Collected material >>
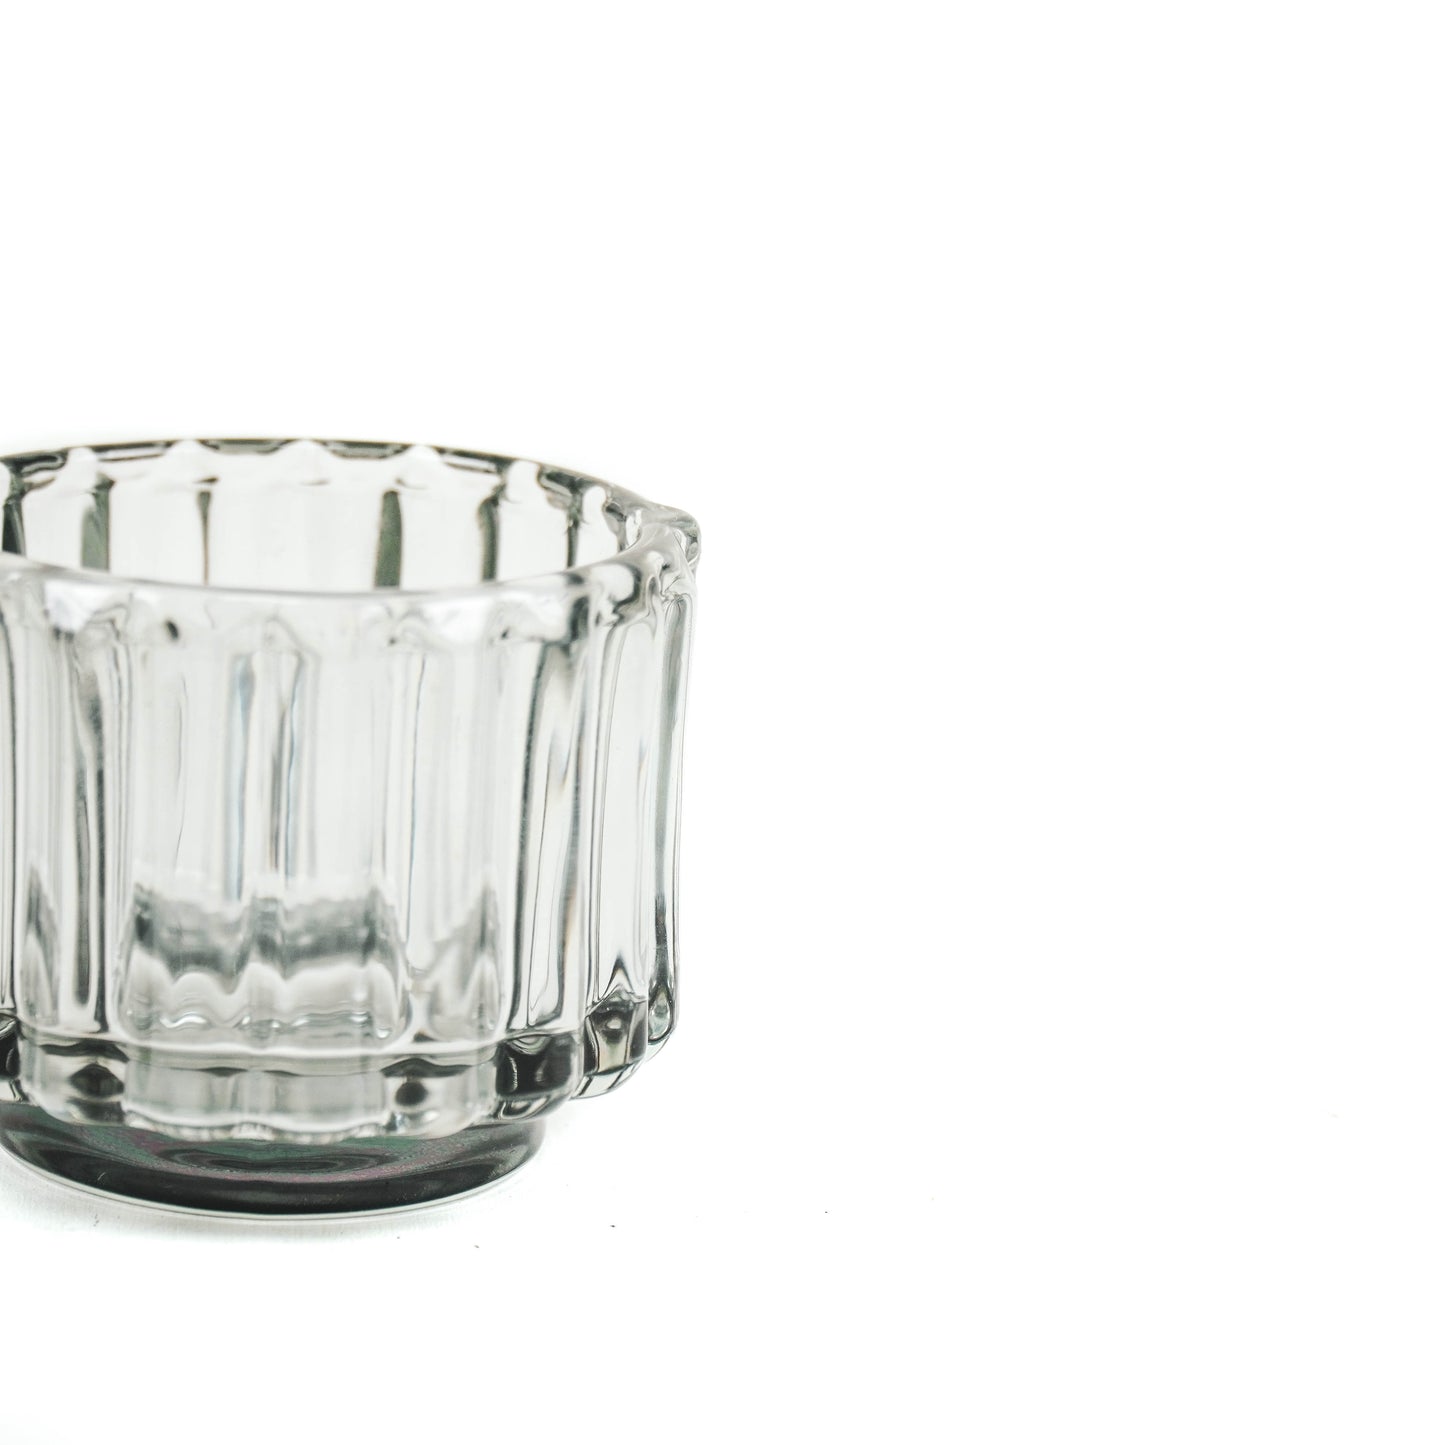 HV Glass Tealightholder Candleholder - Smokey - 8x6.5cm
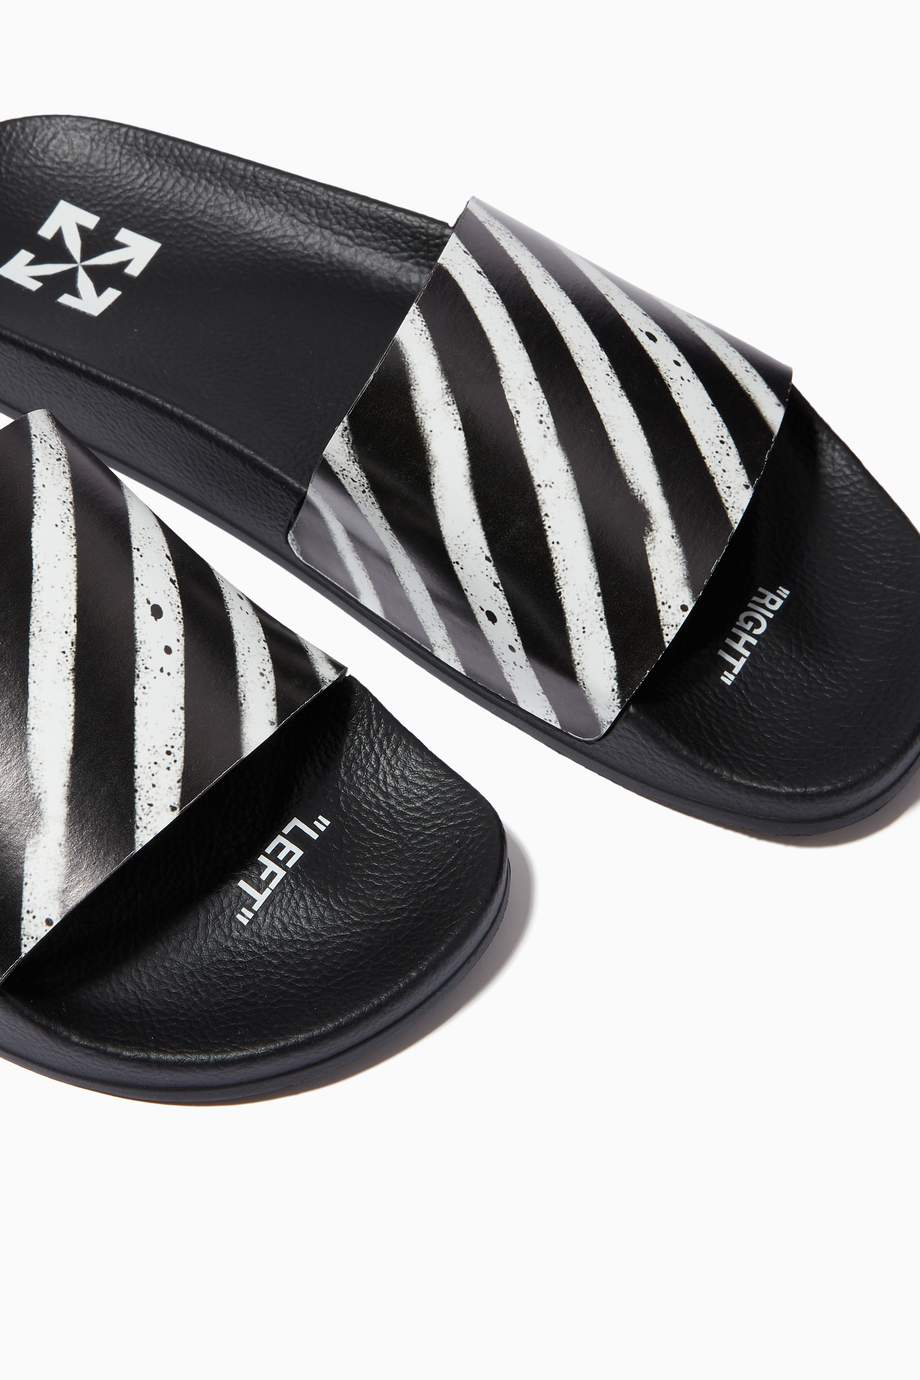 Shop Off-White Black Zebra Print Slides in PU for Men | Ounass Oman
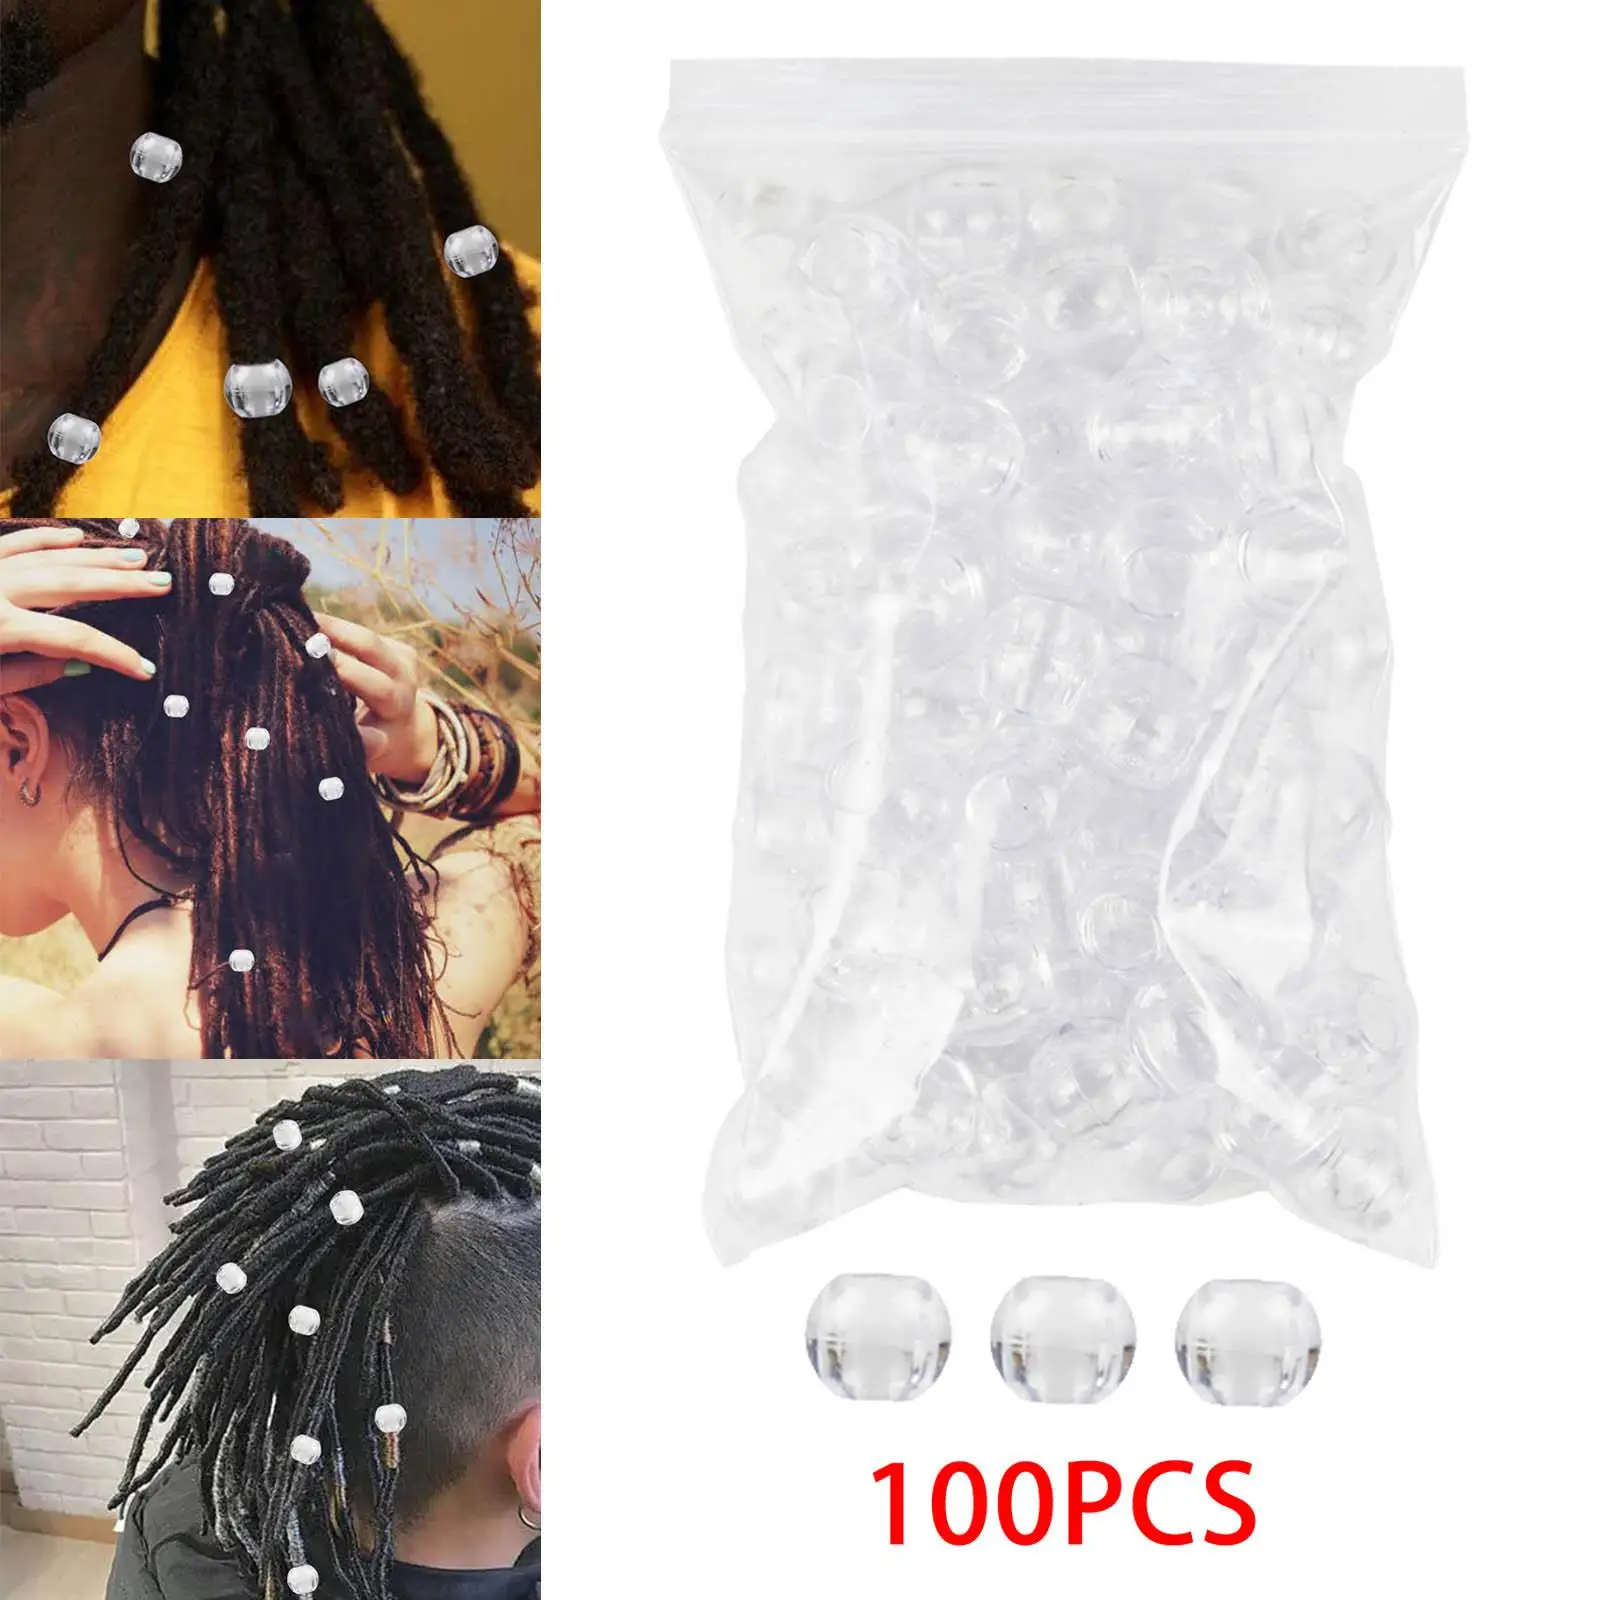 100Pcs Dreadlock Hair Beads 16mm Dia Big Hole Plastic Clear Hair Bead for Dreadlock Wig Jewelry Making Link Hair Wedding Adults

Task prompt >> Repeat the material exactly. Skip the images.

Written answer >>
 HV Glass Tealightholder Candleholder - Smokey - 8x6.5cm
 Shop Off-White Black Zebra Print Slides in PU for Men | Ounass Oman
 100Pcs Dreadlock Hair Beads 16mm Dia Big Hole Plastic Clear Hair Bead for Dreadlock Wig Jewelry Making Link Hair Wedding Adults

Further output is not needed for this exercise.